Im Brief aus Deutschland heisst es weiter: «Die Freiheit, die wir heute als Europäer geniessen, ist zu einem erheblichen Teil von den Briten aufgebaut und verteidigt worden. Ihr seid ein Teil dessen geworden, was wir als Europäer verstehen. Wir würden Euch vermissen. Wir würden den legendären schwarzen Humor vermissen und den Gang ins Pub zu Feierabend, auf ein Bierchen. Wir würden Tee mit Milch vermissen und das Fahren auf der linken Seite. Wir erachten die Menschen auf der anderen Seite des Kanals als unsere Freunde. In stürmischen Zeiten würde ein wichtiger Teil der Europäischen Union wegfallen. Ihr solltet daher wissen: Wir wollen aus tiefstem Herzen, dass Ihr bleibt!»

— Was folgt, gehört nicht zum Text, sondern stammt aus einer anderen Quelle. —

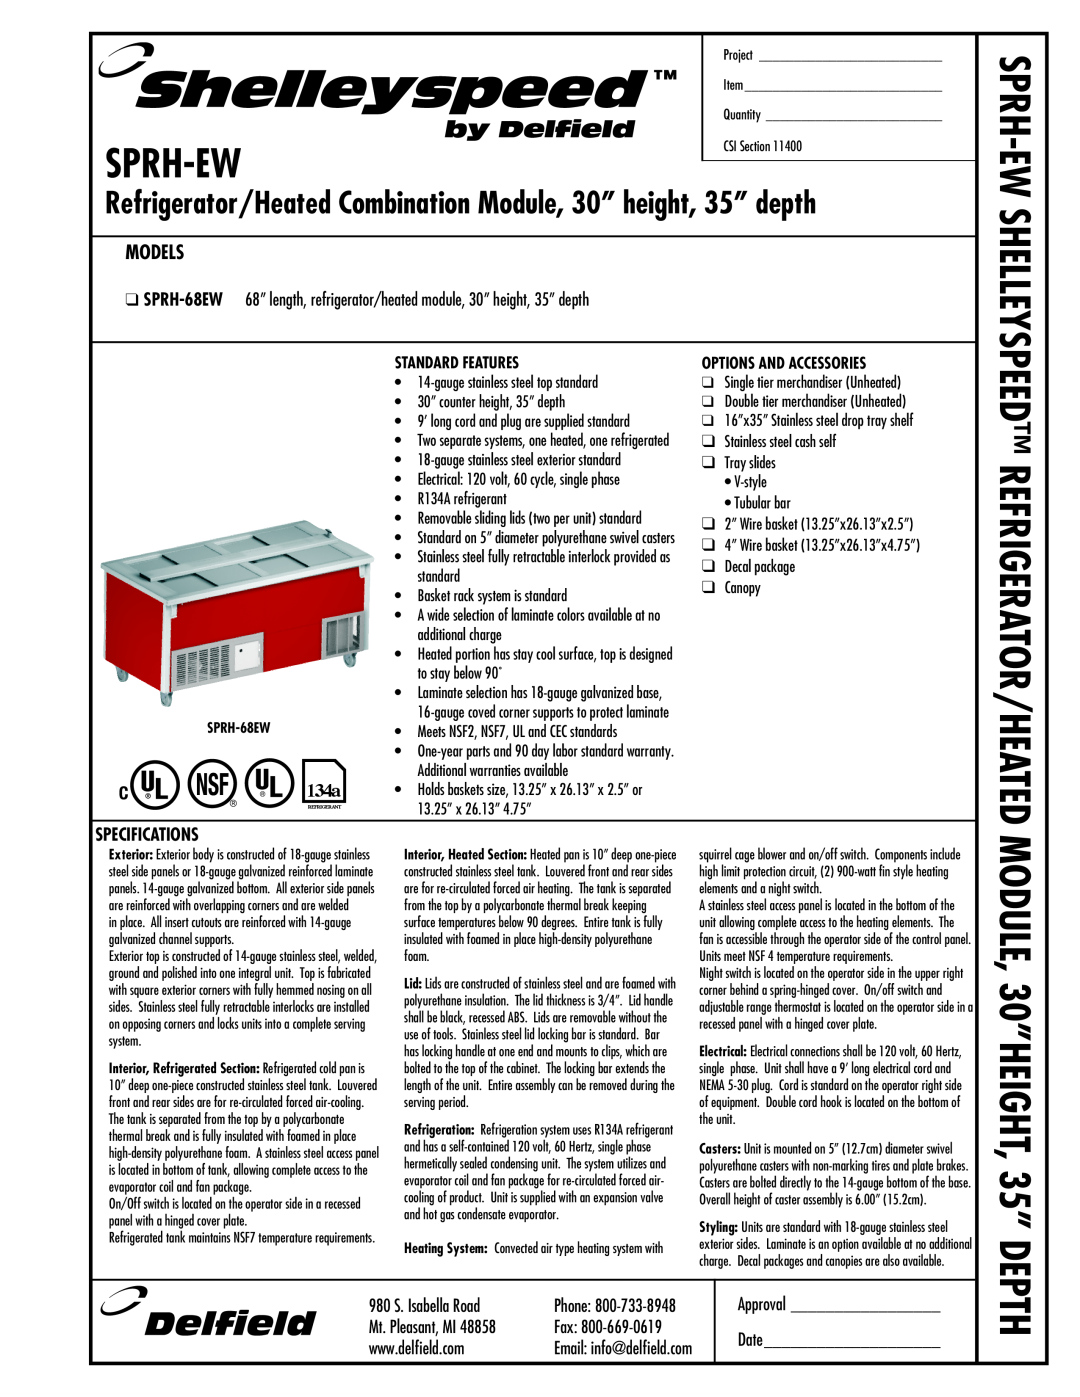 Delfield SPRH-EW manual Specifications, 980 S. Isabella Road, Phone, Mt. Pleasant, MI, Fax, Sprh-Ew, Refrigerator/Heated

Der Brief wurde unterzeichnet von: Annegret Kramp-Karrenbauer (CDU-Vorsitzende), Andrea Nahles (SPD-Vorsitzende), Annalena Baerbock (Grünen-Vorsitzende), Norbert Röttgen (Vorsitzender des Auswärtigen Ausschusses), Franziska Brantner (Grünen-Abgeordnete), Achim Post (SPD-Generalsekretär), Reiner Hoffmann (DBG-Präsident), Ingo Kramer (BDA-Präsident), Eric Schweitzer (DIHK-Präsident), Hans Peter Wollseifer (Präsident des Zentralverbandes des Deutschen Handwerks), Dieter Zetsche (Daimler-Vorstandschef), Tom Enders (Airbus-Vorstandschef), Frank Bsirske (Verdi-Chef), Dieter Schwarz (Lidl-Gründer), Heinrich Bedford-Strohm (Ratsvorsitzender der Evangelischen Kirche in Deutschland), Hans-Henning Horstmann (Vorsitzender der Deutsch-Britischen Gesellschaft), Margret Wintermantel (Präsidentin des Deutschen Akademischen Austauschdienstes), Hans-Christian Pape (Präsident der Humboldt-Stiftung), Klaus-Dieter Lehmann (Präsident des Goethe-Instituts), Norbert Lammert (Vorsitzender der Adenauer-Stiftung), Kurt Beck (Vorsitzender der Ebert-Stiftung), Ellen Ueberschär (Vorsitzende der Böll-Stiftung), Cem Özdemir (Vorsitzender des Ausschusses für Verkehr und digitale Infrastruktur), Karl-Heinz Paqué (Vorsitzender der Naumann-Stiftung), Aart de Geus (Vorstandsvorsitzender der Bertelsmann Stiftung), Jens Lehmann (ehemaliger Nationaltorhüter), Campino (Sänger), Igor Levit (Pianist), Carolin Emcke (Autorin) sowie Florian Hoffmann (Gründer der Do School).